6.8.3 Disk writes causing high CPU

jonp · September 22, 2020

Can I assist with testing data?

Any insights / information you can provide would be much appreciated. We really need to narrow down reproducable steps.

Sent from my Pixel 3 XL using Tapatalk

CowboyRedBeard · September 22, 2020

I've posted most of it to this thread, but when took it from 2 - SSDs in a pool (BTRFS) and had single SSD on XFS it was less of a problem, but still a problem.

I could run some tests or tools and show you the results if you can tell me which ones would be meaningful. Basically it's any time there's a large write (20G) to SSD.

CowboyRedBeard · September 22, 2020

I mean, at this point I'm happy to actually rebuild the server.... fresh install... if that has a high likelihood of making this go away

CowboyRedBeard · October 6, 2020

On 9/22/2020 at 1:44 PM, jonp said:

Any insights / information you can provide would be much appreciated. We really need to narrow down reproducable steps.

Sent from my Pixel 3 XL using Tapatalk

I saw that beta 29 is out, does it address this in any way?

Also, happy to provide any data that might be helpful... If you can tell me how to collect it.

dnLL · November 15, 2020

I'm having the same issue of high disk writes on btrs cache with dockers. This seems to be very well known...

My SSDs are are 35 days old, my server didn't do much (the mover barely moves anything) and yet, 25 TBW on both SSDs. They're 500G SSDs, so that's 50x their size in a month with a server idling 99.999% of the time. Insane.

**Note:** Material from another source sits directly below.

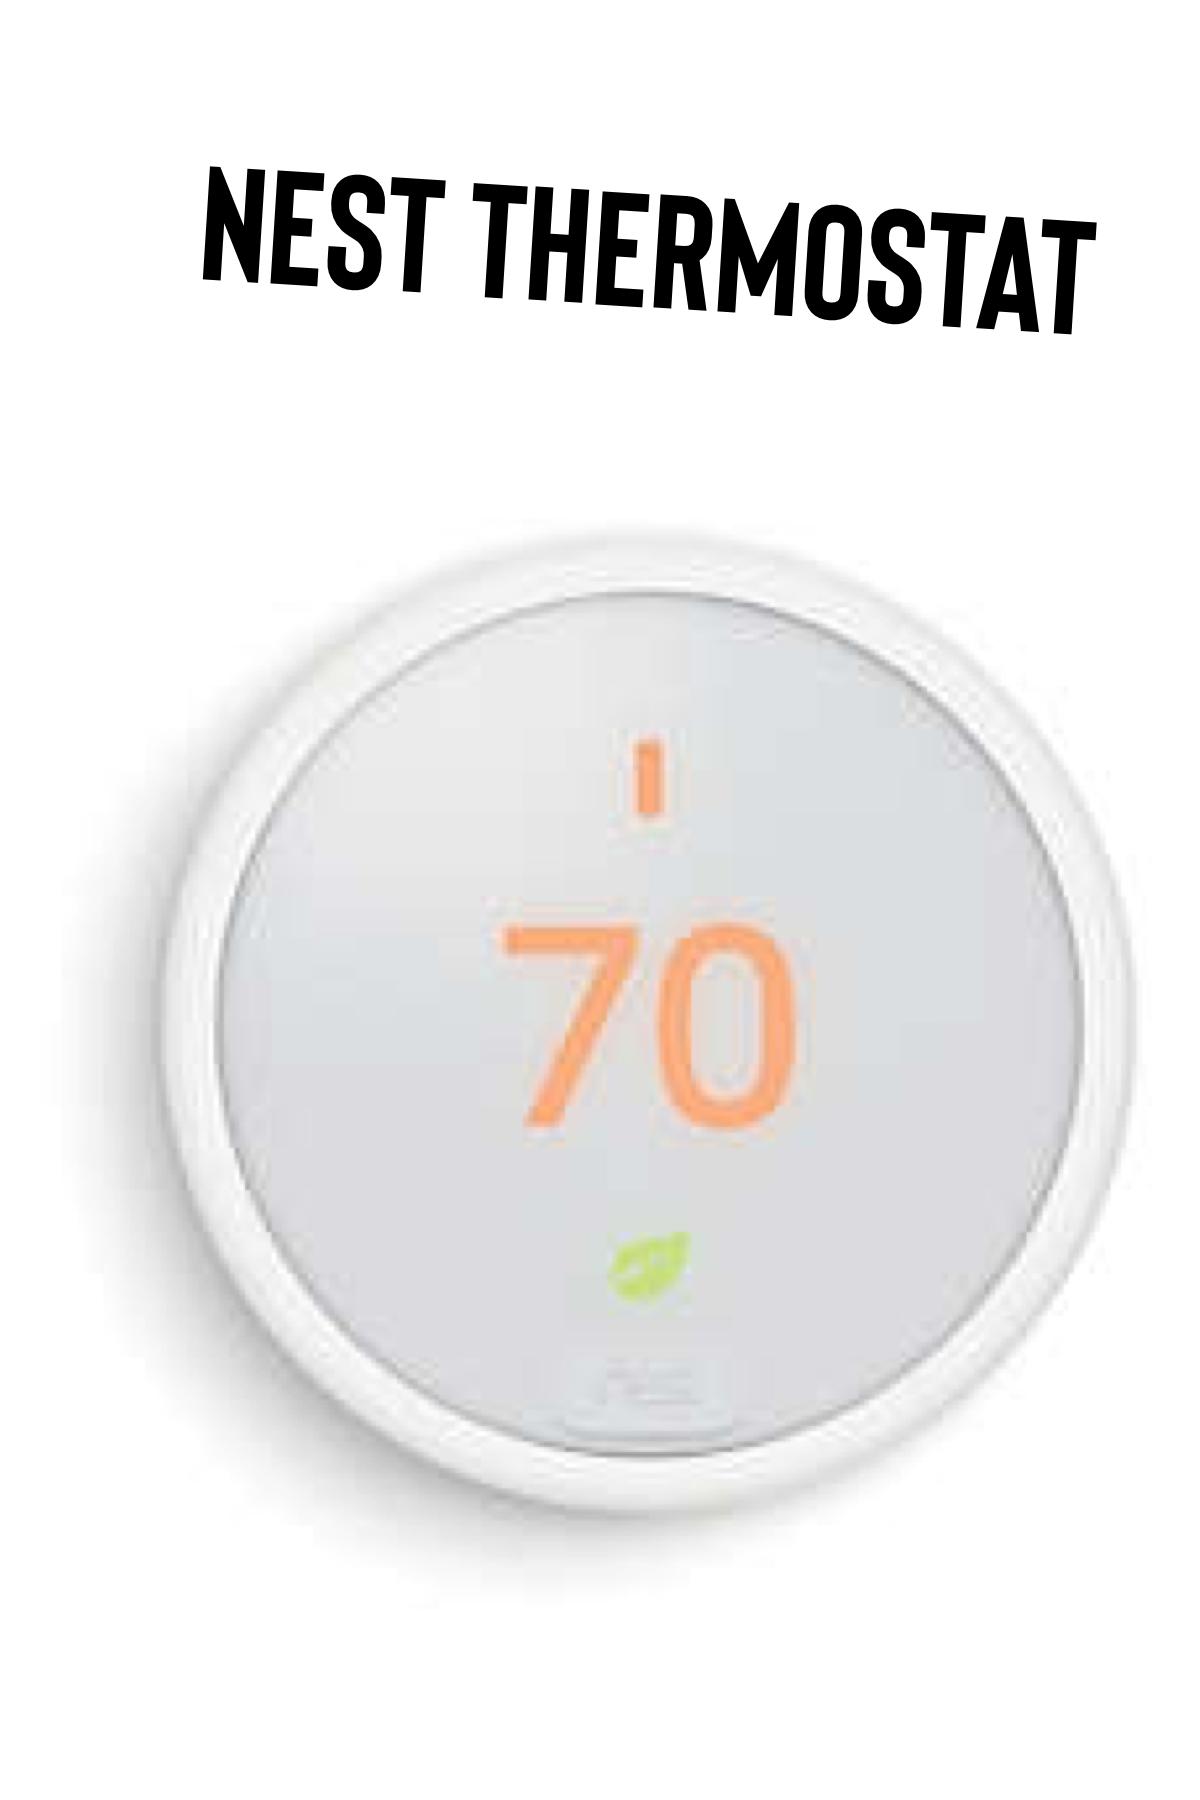 Google Nest Thermostat E In White Bed Bath Beyond Google Nest Thermostat Google Nest Nest Thermostat

itimpi · November 15, 2020

7 hours ago, dnLL said:

I'm having the same issue of high disk writes on btrs cache with dockers. This seems to be very well known...

My SSDs are are 35 days old, my server didn't do much (the mover barely moves anything) and yet, 25 TBW on both SSDs. They're 500G SSDs, so that's 50x their size in a month with a server idling 99.999% of the time. Insane.

There are fixes in the 6.9.0 beta series to address this.

dnLL · November 15, 2020

There are fixes in the 6.9.0 beta series to address this.

I'm happy to hear about this. I will wait for the stable version, hopefully soon.

Sent from my Pixel 3 using Tapatalk

CowboyRedBeard · November 18, 2020

I did the beta and still have issue.

CowboyRedBeard · December 3, 2020

Still a problem, this shows server temps and fan speeds, etc.... This is when I have it set to download and unpack files at 02:00

Any chance this gets fixed soon?

Alternatively, @jonp / @itimpi do you think maybe a quicker fix for me would be to rebuild unraid from scratch?

I mean one of the other side affects is that SSD write speeds are way way down, to 80MBps range... which also sucks.

Edited December 3, 2020 by CowboyRedBeard

mctavish01 · December 9, 2020

I guess I will add to this as myself and a friend have same issues.
When writing to array from off server (like unloading gopro footage) our cpu is absolutely pinned causing issues with all dockers and the like, essentially rendering dockers useless while transfer is active.

Anything useful we can provide to help resolve the issue?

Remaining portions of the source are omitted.